» **WHAT IS EXPECTED**
Starting at the line that has "Richard Airey, Baron" and stopping after the line that has "Dovolená Tunis", reproduce the listing below exactly; omit everything else.

» **DATA SECTION**
== == ==

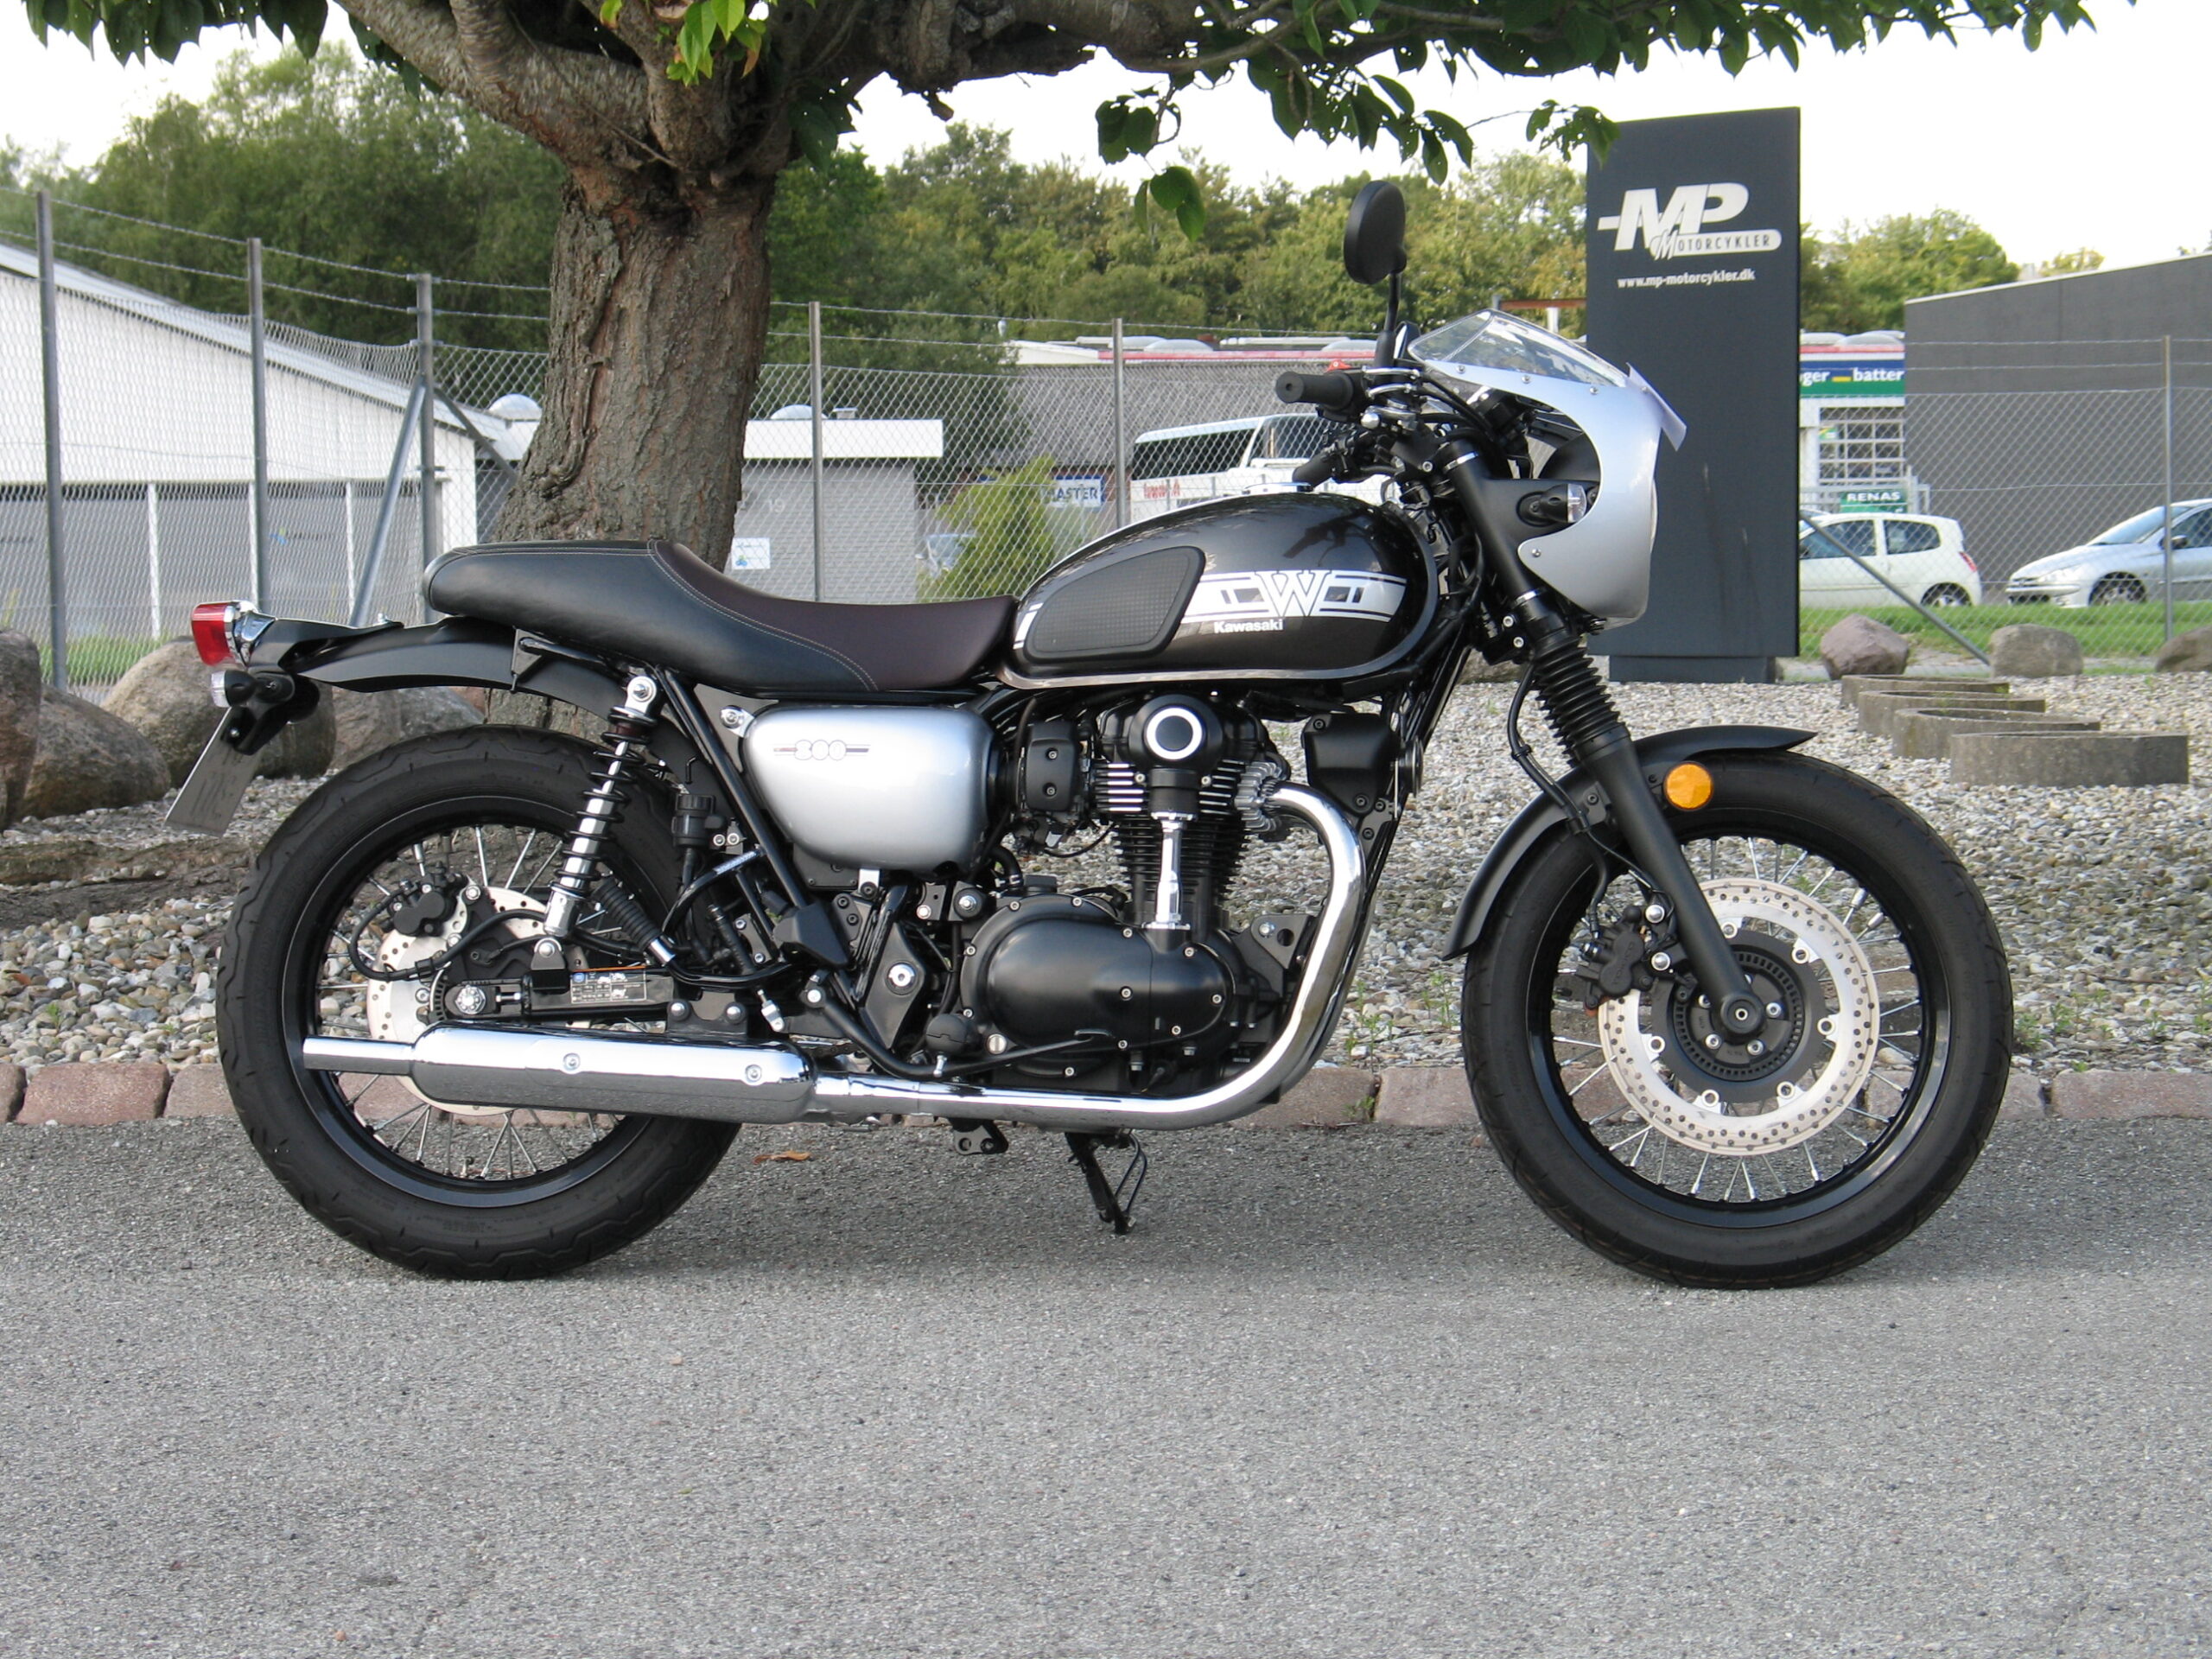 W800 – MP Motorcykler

== == ==

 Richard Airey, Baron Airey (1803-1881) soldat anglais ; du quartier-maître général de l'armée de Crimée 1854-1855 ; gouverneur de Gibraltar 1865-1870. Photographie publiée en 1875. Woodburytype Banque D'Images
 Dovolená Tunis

== == ==

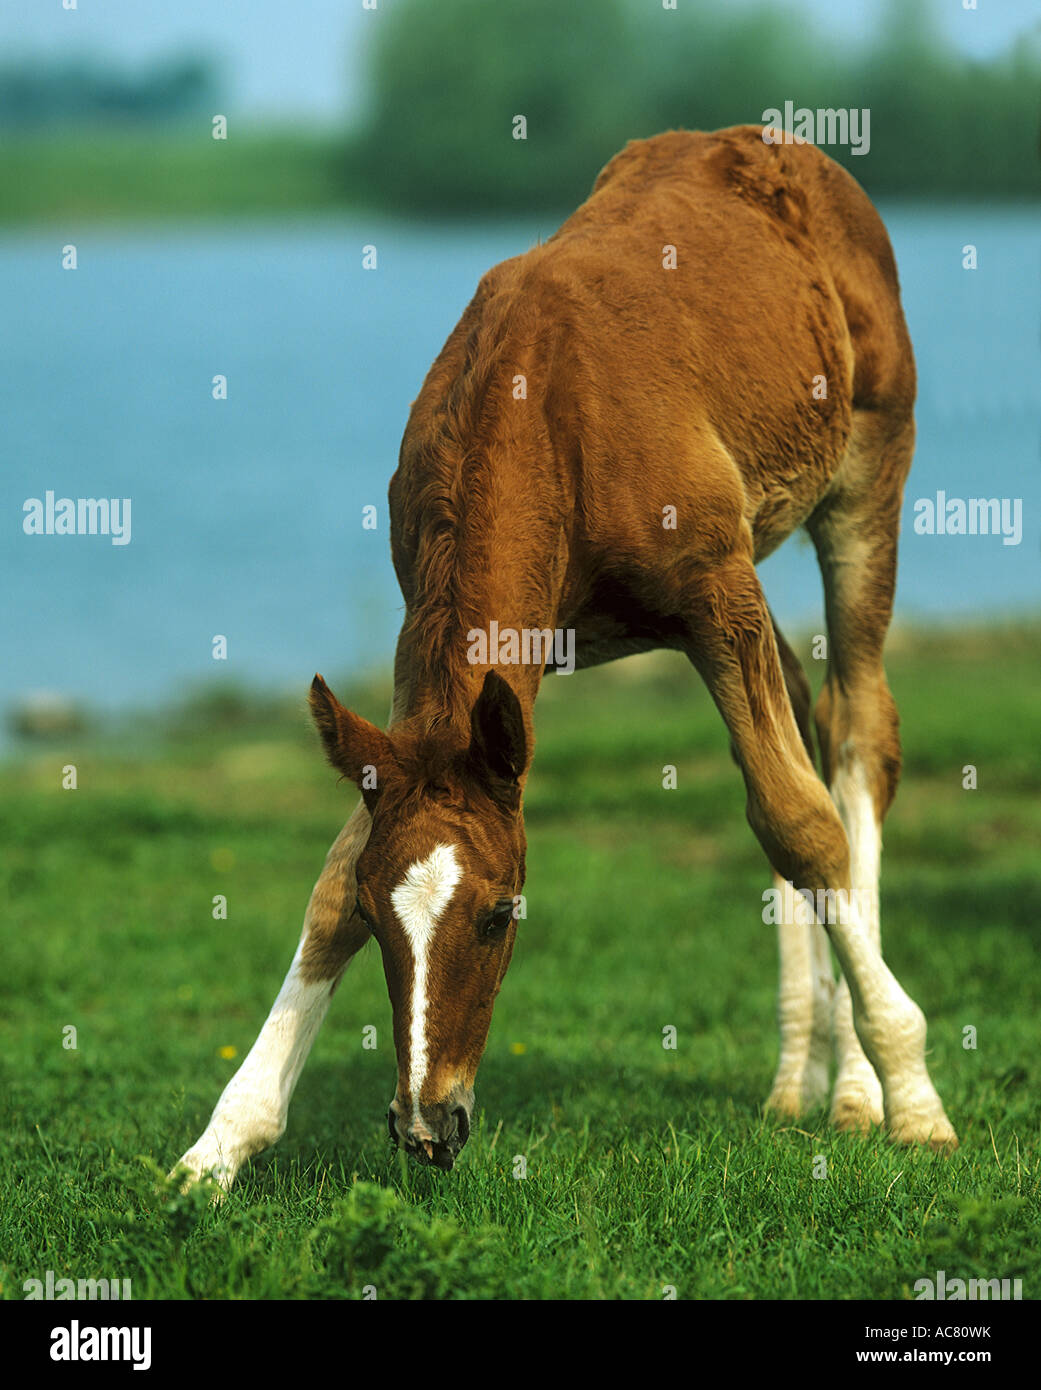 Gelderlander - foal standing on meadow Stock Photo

== == ==

» **TASK RESULT**
 Richard Airey, Baron Airey (1803-1881) soldat anglais ; du quartier-maître général de l'armée de Crimée 1854-1855 ; gouverneur de Gibraltar 1865-1870. Photographie publiée en 1875. Woodburytype Banque D'Images
 Dovolená Tunis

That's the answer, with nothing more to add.